Requirement |
Your copy starts at the line containing "Weihnachten Dekoration Weihnachten" and ends at the last line of the material below. Reproduce those lines exactly, with no pictures.

Information supplied |
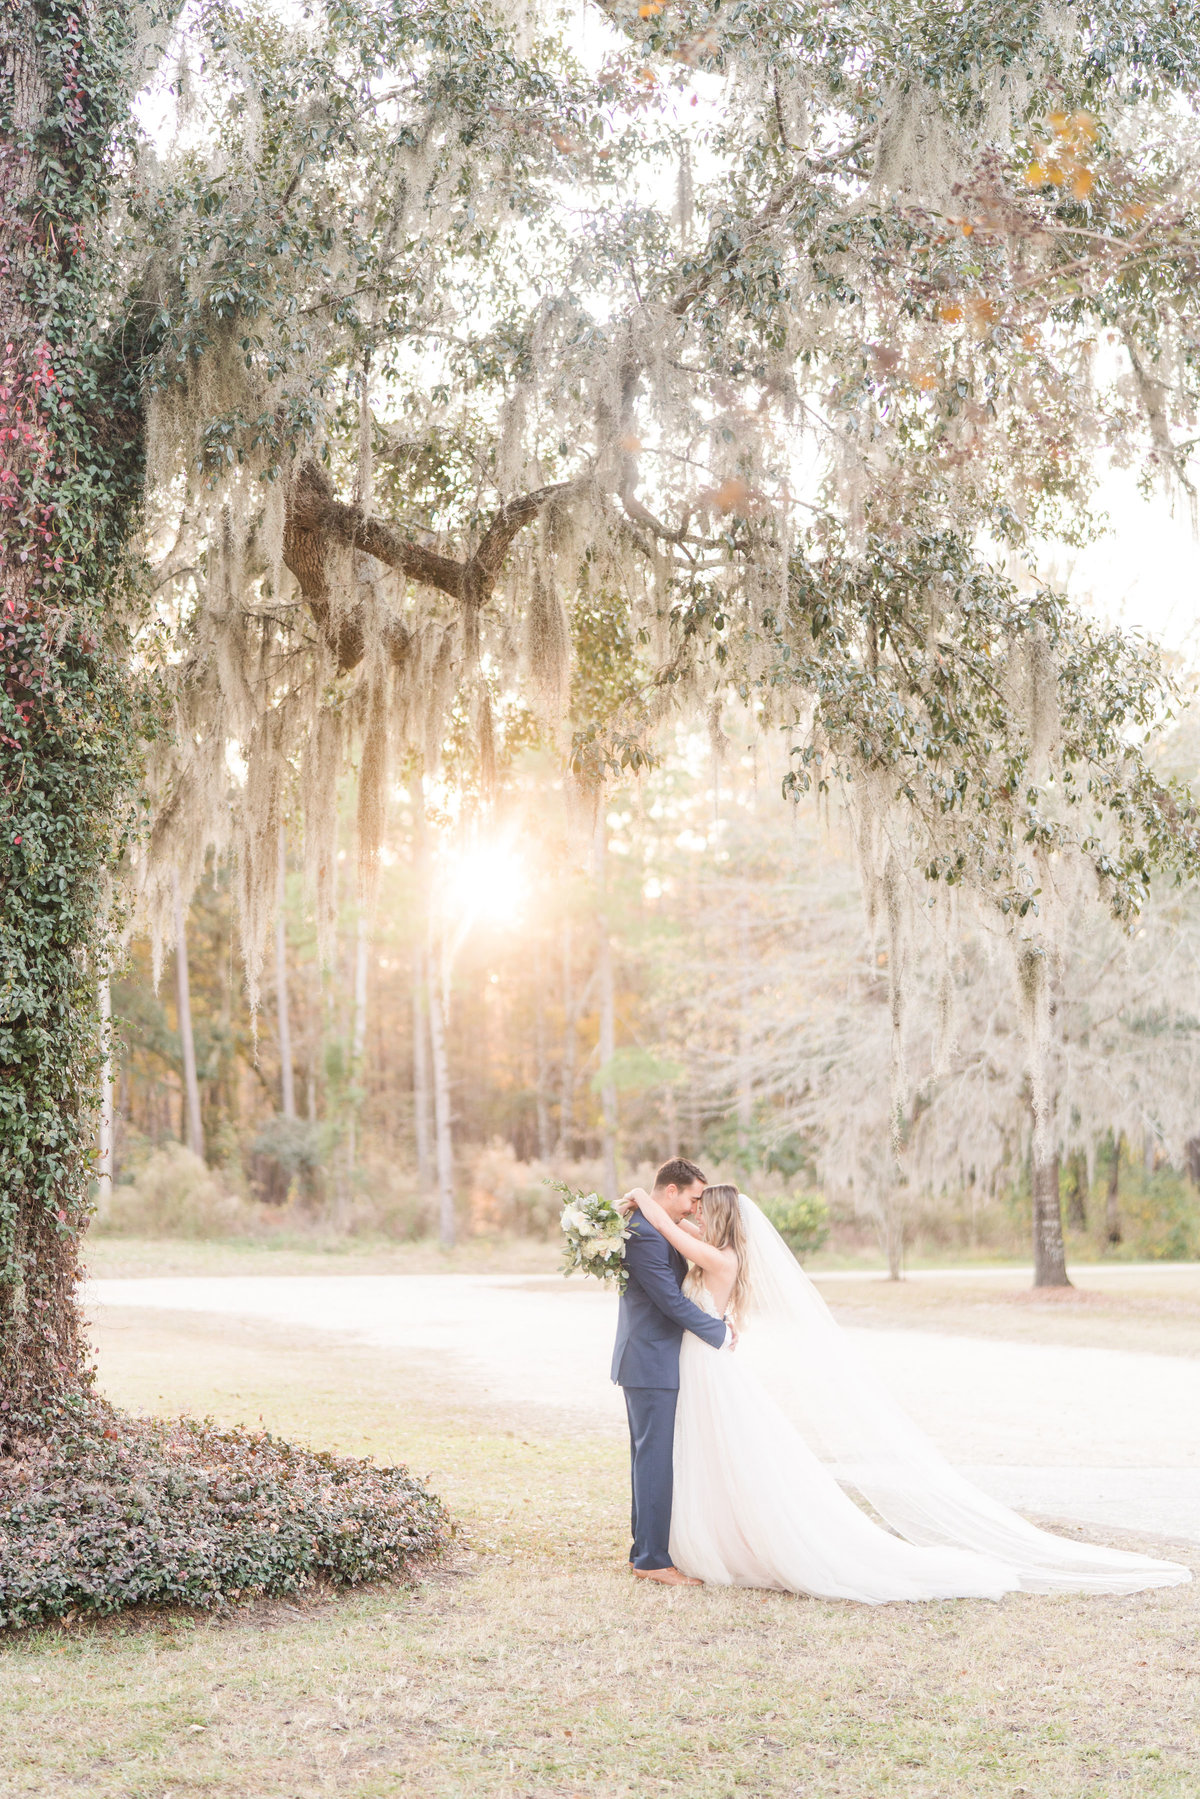 Kate Dye Photography Wedding Engagement Lifestyle Charleston South Carolina Photographer Bright Airy Colorful8
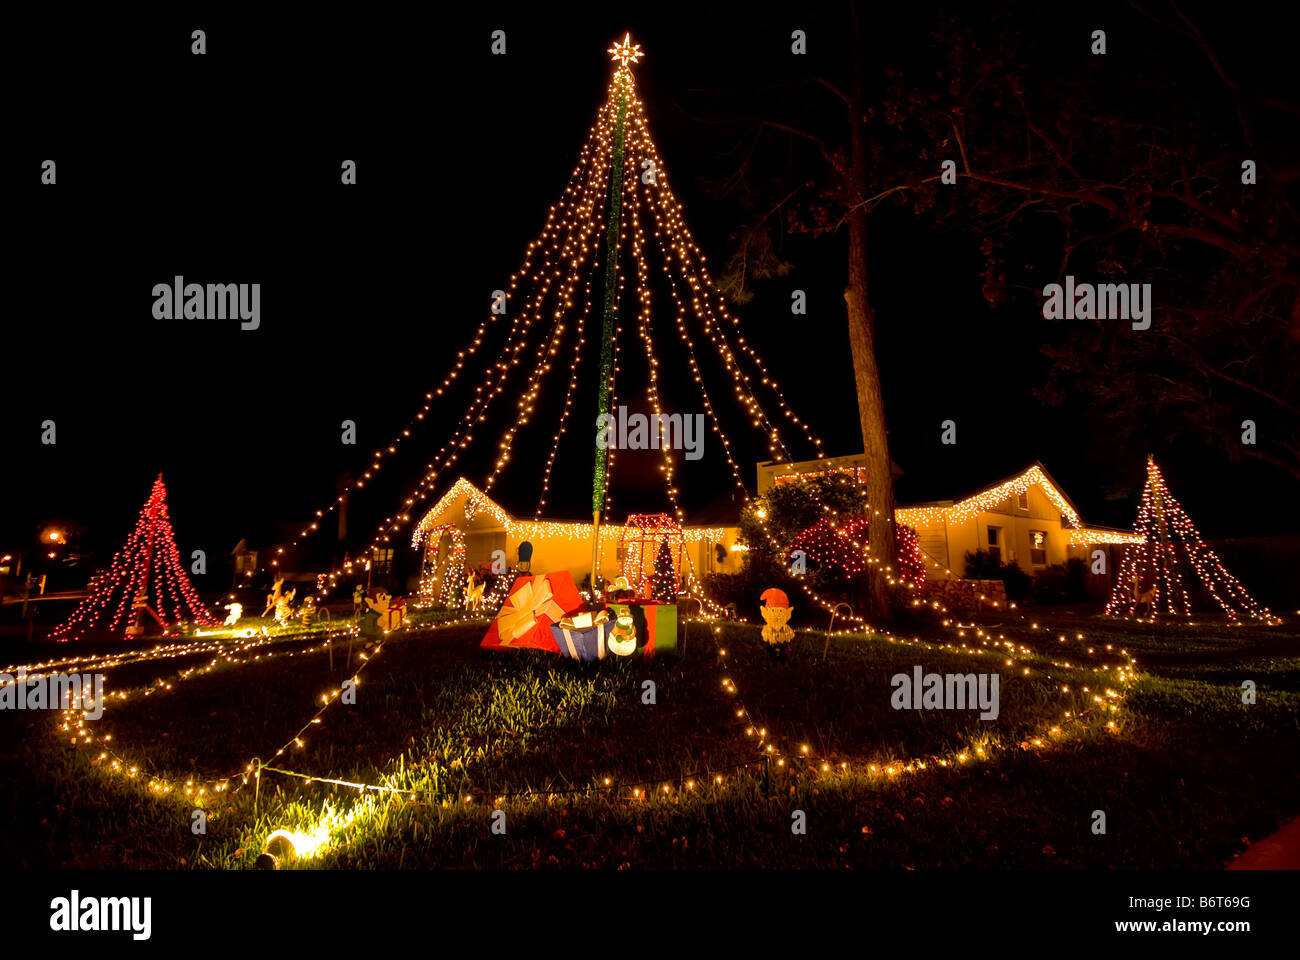 Weihnachten Dekoration Weihnachten Bäume Elfen Zuhause bedeckt in Weihnachten Lichter aufwendige Hof Display dunkel Stockfoto
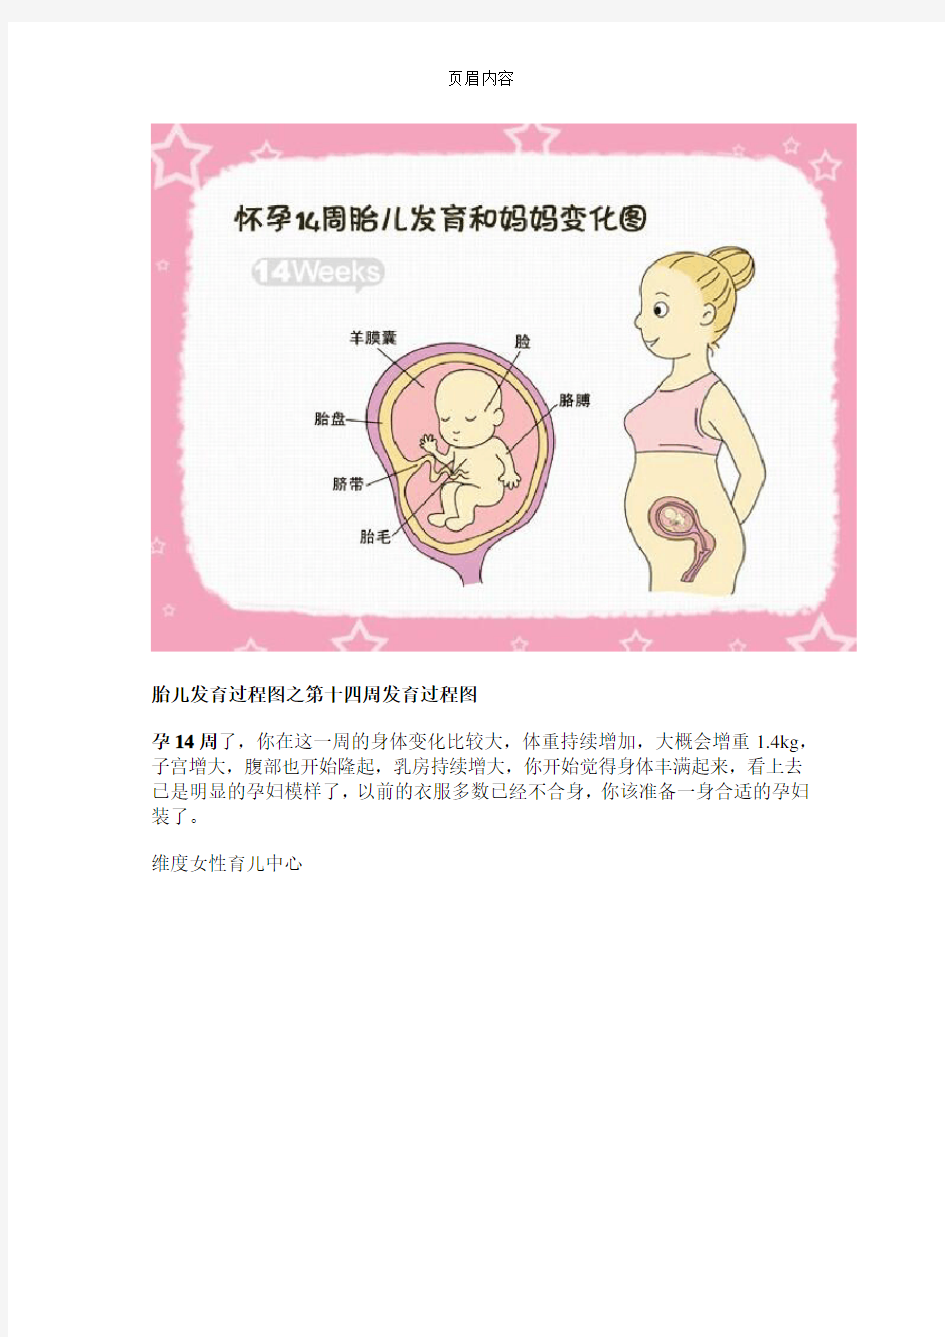 胎儿发育过程图之第十四周发育过程图

Exercise solution |
 Weihnachten Dekoration Weihnachten Bäume Elfen Zuhause bedeckt in Weihnachten Lichter aufwendige Hof Display dunkel Stockfoto
 胎儿发育过程图之第十四周发育过程图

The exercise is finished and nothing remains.